COMMUNITY DEVELOPMENT CORPORATION OF LONG ISLAND, INC.

WEATHERIZATION ASSISTANCE PROGRAM

Page 1 of 3

2020-2021 PROGRAM GUIDELINES

CDCLI Has Weatherized More Than 15,000 Long Island Homes In 30 Years

The Weatherization Assistance Program (WAP) assists families and individuals by reducing their

heating/cooling costs and improving the safety of their homes through energy efficiency measures. Owners of

buildings occupied by low-income households are also encouraged to apply for assistance for their buildings.

Program services are delivered through New York State Homes and Community Renewal’s statewide

network of local service providers. CDCLI is the provider of weatherization services for Nassau and

Suffolk Counties.

Funds are made available through the U.S. Department of Energy and U.S. Department of Health &

Human Services.

Funds are available for approximately 400 homes each year. However, due to the high demand for this program,

there is currently a waitlist of approximately 1 year.

Typical repairs may include but are not limited to:

Weatherstripping & Caulking

Attic & Wall Insulation

Heating System Improvements or Replacement

Energy Efficient Lighting

Energy Efficient Refrigeration

Hot Water Tank & Pipe Insulation

Smoke Detectors & CO Detectors

Window Repair or Replacement

Exterior Door Repair or Replacement

Other Minor Repairs That Improve Energy Efficiency

Please note that all repairs are determined after a comprehensive energy audit has been completed by one

of CDCLI’s BPI-certified Building Analysts.

All services are provided without charge or obligation to the occupant of the home. However, owners of

rental buildings are required to invest funds toward the cost of the Weatherization services.

Page 2: New 2020-2021 PROGRAM GUIDELINES · 2 days ago · The household income limits are subject to change as determined by New York State. Income includes all sources of income for all

Page 2 of 3

I. GENERAL ELIGIBILITY CRITERIA

Applicant must reside in Nassau or Suffolk County.

The assisted home must be the primary residence of the applicant.

The assisted home CANNOT be for sale or subject to bankruptcy or foreclosure.

Gross annual household income cannot exceed 60% of the State median income (please see below chart)

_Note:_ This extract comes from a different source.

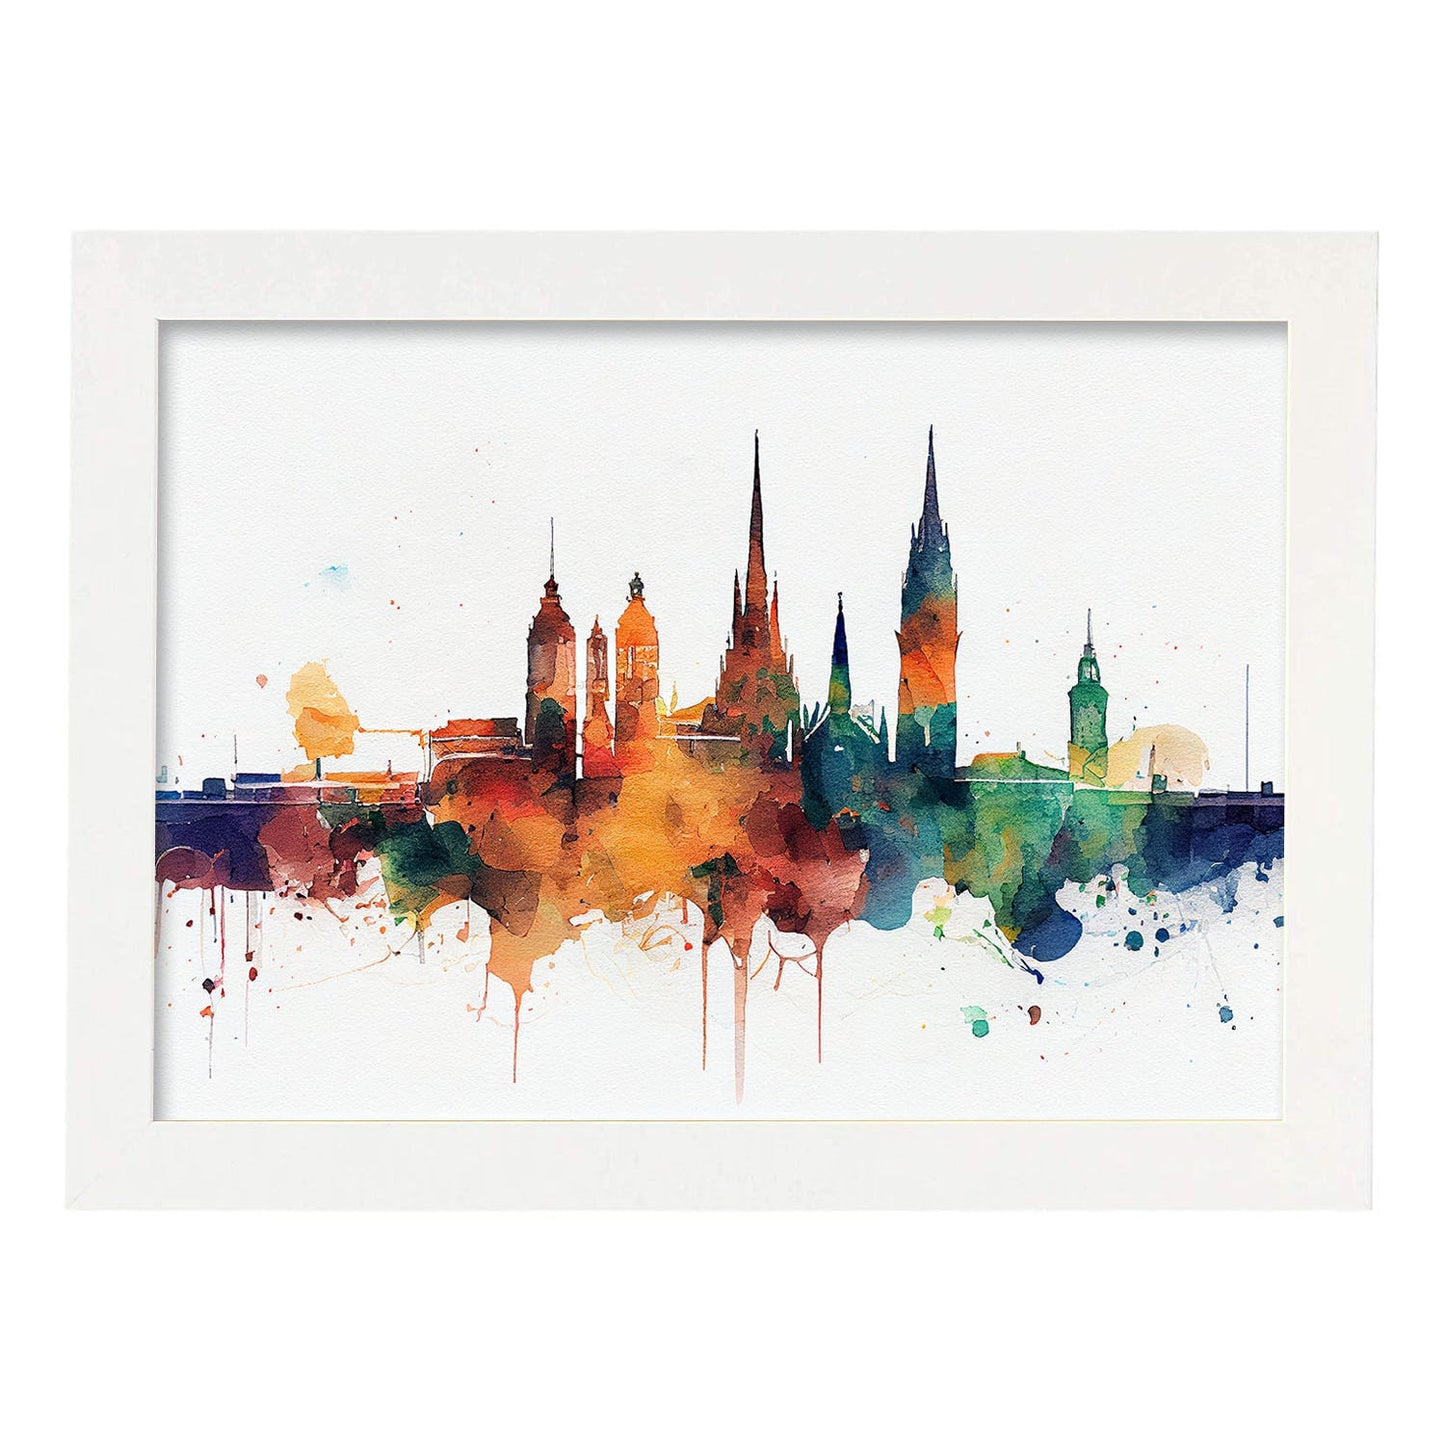 Nacnic watercolor of a skyline of the city of Vienna_1. Aesthetic Wall Art Prints for Bedroom or Living Room Design.-Artwork-Nacnic-A4-Marco Blanco-Nacnic Estudio SL

OR: Household can be automatically eligible if a member of the household receives Code A Supplemental

Security Income (SSI-Living Alone), Public Assistance, Food Stamps, or HEAP Benefits. Applicants

meeting one of these criteria MUST STILL submit ALL other documents listed below on page 3 except

for income.

For landlords with qualifying tenants, a $200 energy audit fee must be paid upfront, which will be

applied to the landlord’s mandatory 25% contribution (i.e. if costs of total weatherization services

equal $4,000, then the landlord is responsible for $1,000).

II. INCOME GUIDELINES

The household income limits are as set forth below and are in effect as of November 1, 2019. The household

income limits are subject to change as determined by New York State. Income includes all sources of income for

all members of the household – overtime, bonuses, pensions, social security, 401K distributions, tips, etc. Total

household income minus allowable exclusions cannot exceed the maximum gross annual income listed below for

the household size. CDCLI will project the income that will be received for the upcoming 12-month period.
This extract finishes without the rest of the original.